# Problem with Crest CRE 55473 2 Channel Train Engineer Transmitter Buttons



## gerstenm (Jul 7, 2016)

The two buttons fail to cause the green light to illuminate, thus failing to send either the start or stpo signals to my CRE 55471 receivers. I tied cleaning with DeOxit, but still have intermittent green light responses, must use strong pressure on the two push switches. Any advice or suggestions as to where can get a replacement transmitter?


----------



## toddalin (Jan 4, 2008)

I was having a similar problem with a used unit and used this, which seemed to take care of the problem after several presses.

http://www.allelectronics.com/make-a-store/item/ptr-3500/contact-cleaner-13.25-oz/1.html


----------



## dbodnar (Jan 2, 2008)

gerstenm said:


> The two buttons fail to cause the green light to illuminate, thus failing to send either the start or stpo signals to my CRE 55471 receivers. I tied cleaning with DeOxit, but still have intermittent green light responses, must use strong pressure on the two push switches. Any advice or suggestions as to where can get a replacement transmitter?

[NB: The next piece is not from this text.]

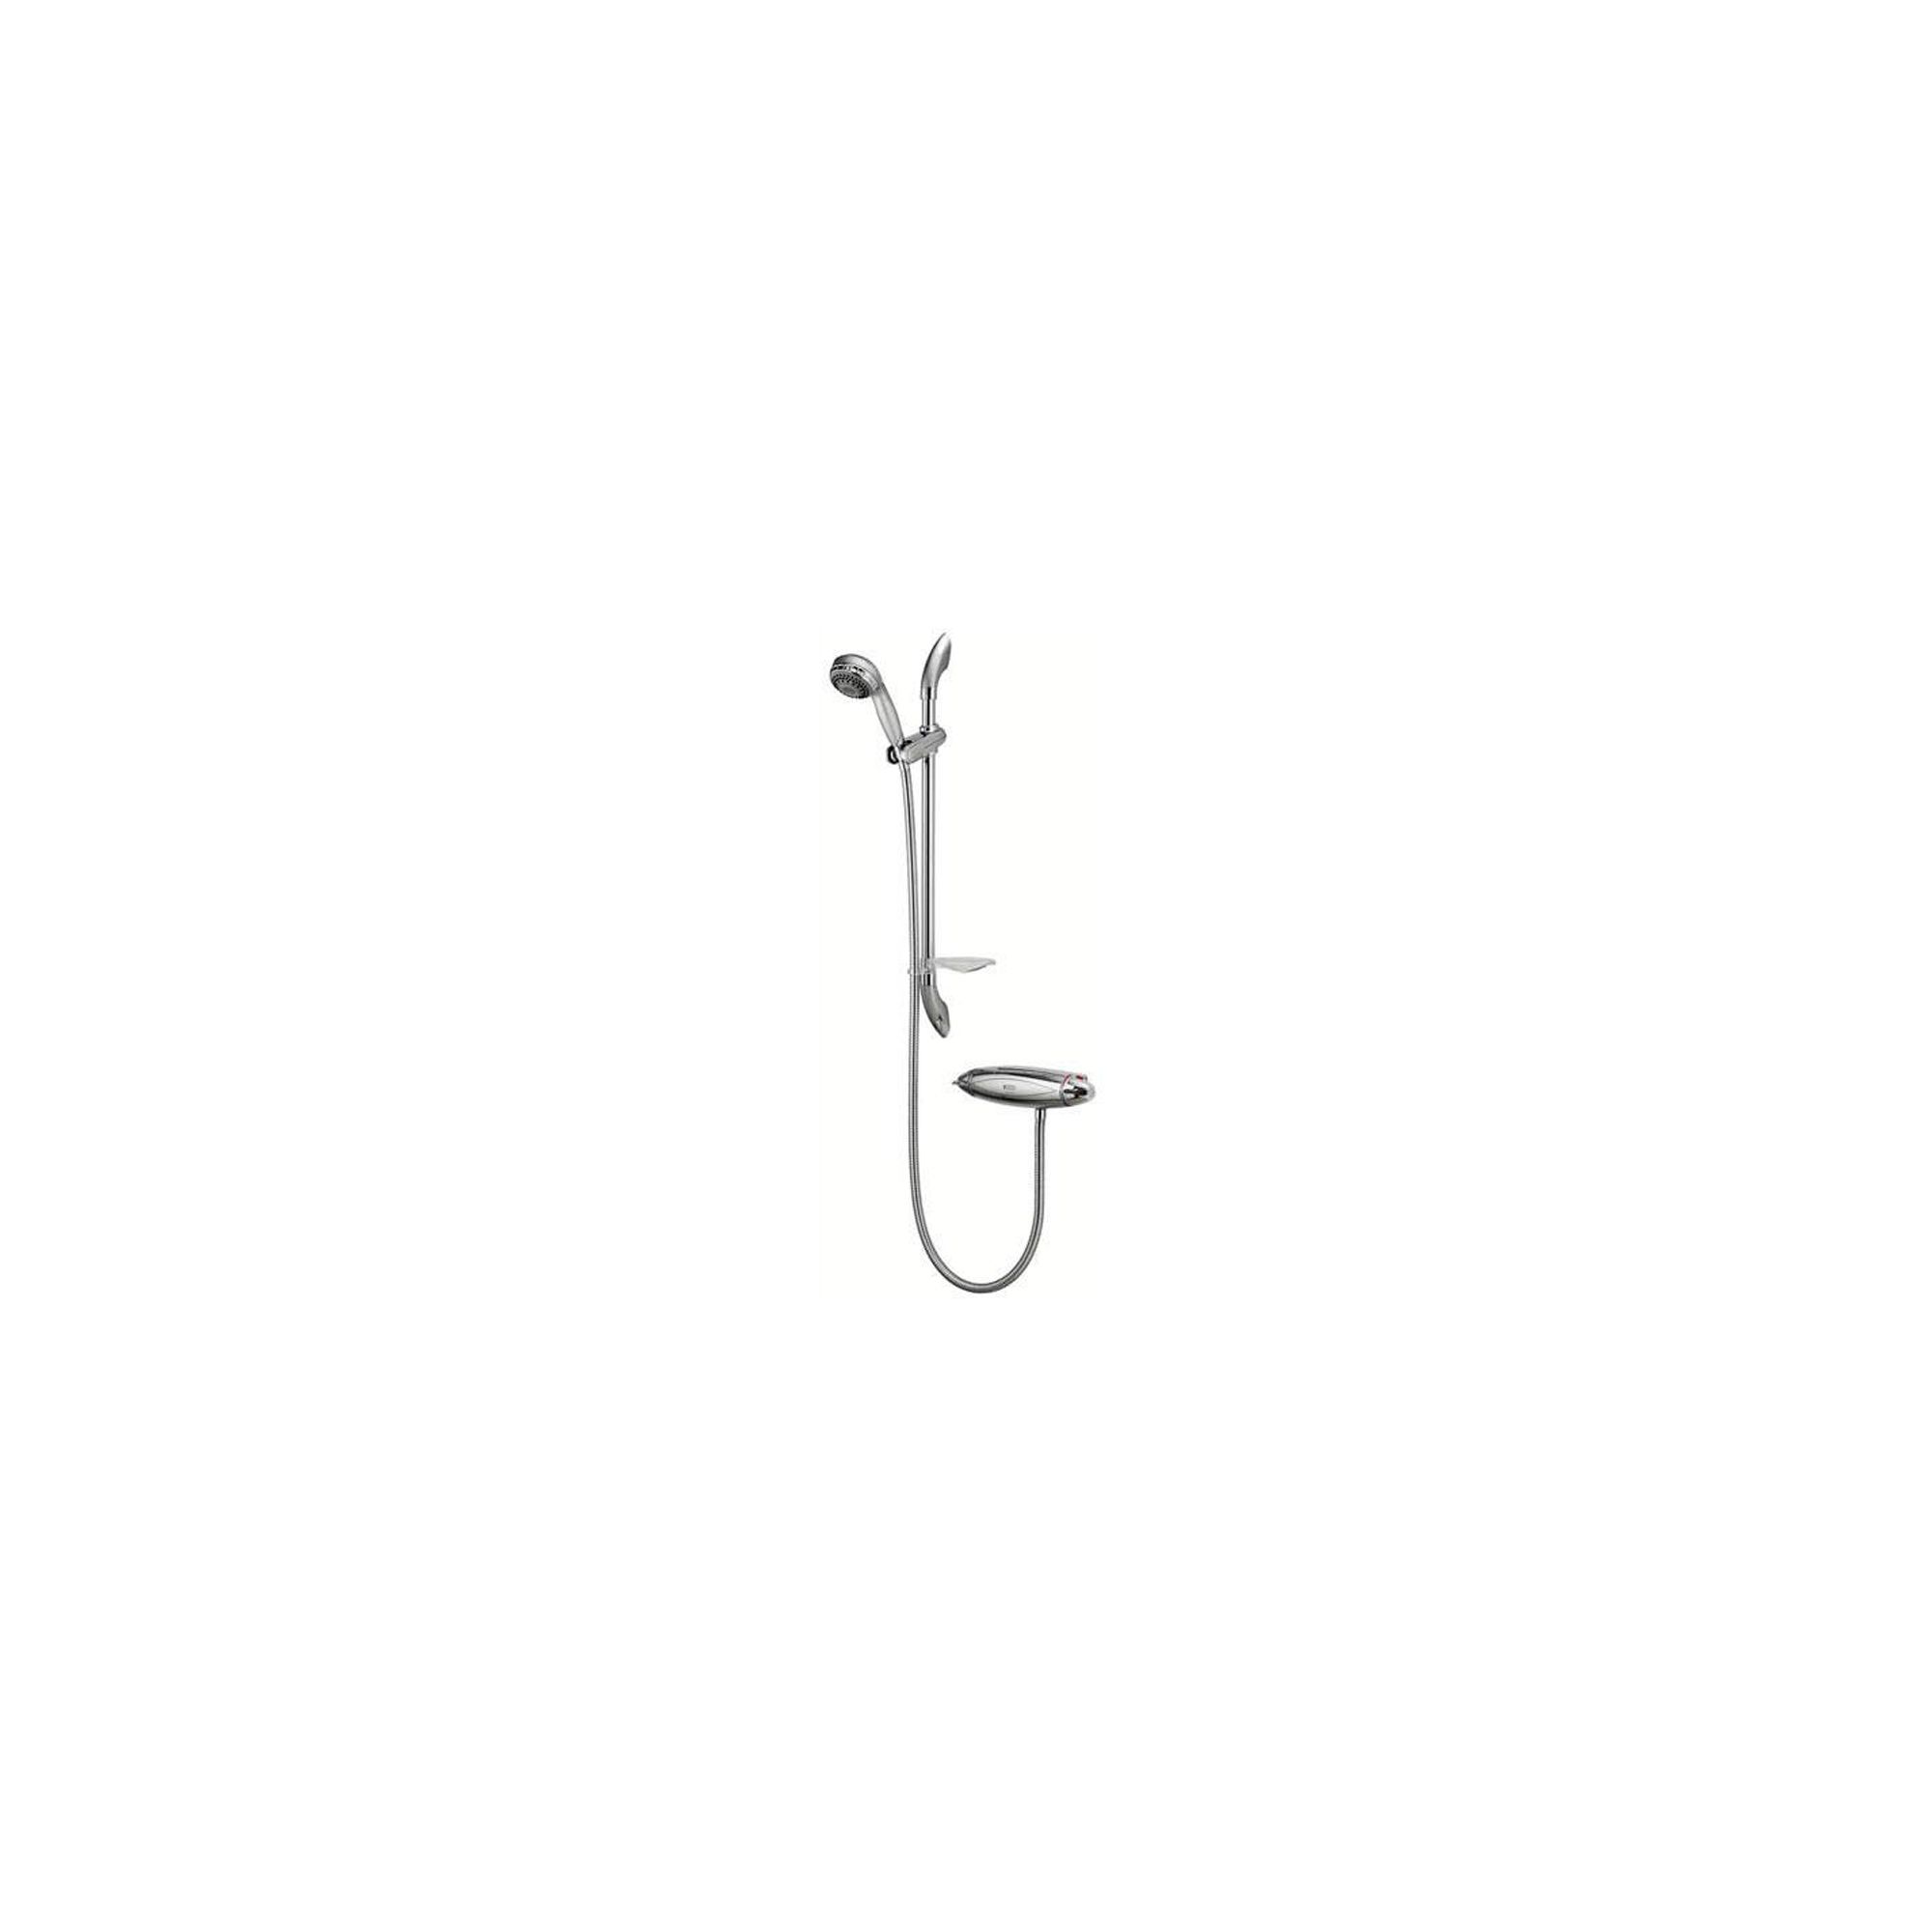 Aqualisa Aquarian Thermo Exposed Shower Valve with Adjustable Shower Head Chrome at Tesco Direct

If you have any experience soldering (and removing soldered components) or know someone with such skills you can replace the individual switches - replacements can be found here:

https://www.amazon.com/uxcell-6x6x4...31114&sr=8-12&keywords=spst+pushbutton+switch

Note that the orientation of the switch on the board matters (ie you can put it in turned 90 degrees and it will not work)

If you are anywhere near Pittsburgh bring it over and I'll have a go at it for you.

dave


----------



## Dan Pierce (Jan 2, 2008)

I have replaced the switches many times in the transmitters for myself and friends.
These are the same as the ones in computer mice.


----------



## gerstenm (Jul 7, 2016)

Dave: Thanks, I have ordered the switches from Amazon and will have them installed.
MARV


----------